The author in this novel, employs the use of simple words for description, painting detailed imageries in the mind of the reader. For instance, in Chapter 5 where we first lightly encounter Crighton, the description was as thus: “He was tall, powerfully built, and seemed to be walking with determined purpose. He wore a black leather jacket, tight jean pants, and black combat boots. His midnight black hair hung slightly past his shoulders and swayed in the breeze”. From this it is not impossible to picture the character in your minds eye, and this is always a good thing. In addition the prose is immersing, drawing you in from the very first page. The action isn’t rushed or forced and the humour is dry and canny. One is guaranteed to catch oneself laughing out loud a time or two. There is also the use of profanity and swearing throughout the novel but it is not too aggressive or obnoxious. The chapters are not laborious to get through either which I believe readers will enjoy.
One thing I enjoyed the most about this novel was how fluid and effortless it was to read. The writing style of Kaylin McFarren while proper and facile leaves no room for misinterpretation or confusion. There is also a clear absence of typographical or grammatical errors which I found equally pleasing and it is in my opinion that this novel has been professionally edited.
Consequently, the riveting storytelling which I enjoyed in the first half of the novel notably lags during the second half. In addition, readers are introduced to new discoveries and elements within the story which appeared a tad bit rushed through and underdeveloped, and as a result impede the sense of continuity the novel has. This is an element I liked the least.
My overall impression of this novel is that it is a well-written piece which can evoke serious thought about the phenomena of good versus evil, as well as the internal battle we all face therein. As a result of the profanity used in this novel and suggestive sensual scenes described, I recommend it to all but a young or impressionable audience.

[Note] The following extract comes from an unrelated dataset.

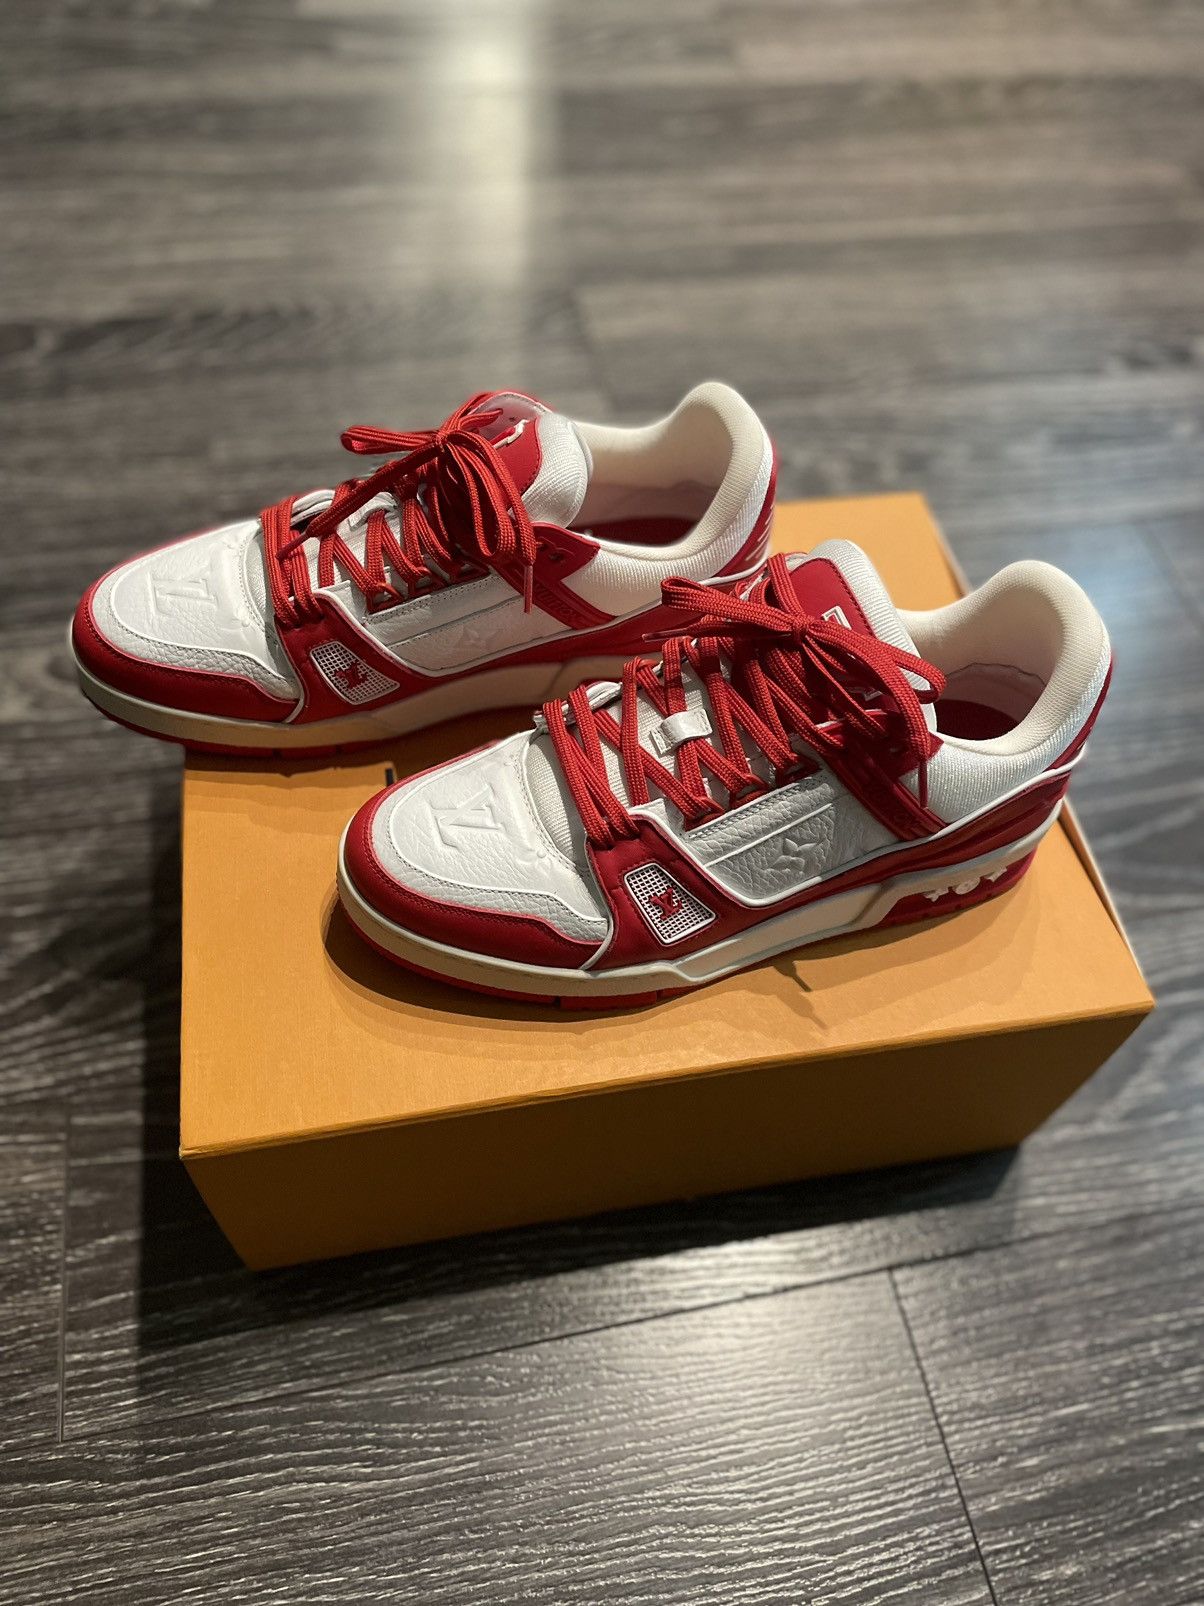 LV Trainer Sneaker - Shoes 1ABFBE

Soul Seeker for me ranks 3 out of 4 stars and can be suitable for those in the market for something different and not the regular run-of-the-mill tale of good-triumphs-evil. I’m rating it a 3 and not a 2 because it was really well written, free from typos or grammatical errors and although there is a smattering of profanity and erotic scenes, it does not detract from the story in any way. Conversely it is a 3 and not a 4 because I believe that some parts of the story could have done with a bit more fleshing out and development. In particular the second half of the story, which also revealed a bit of potential for what could even be the start of a fresh series which I believe readers will thoroughly enjoy. Nevertheless, I believe that anyone who gives this tale a read, will definitely have a good time doing so.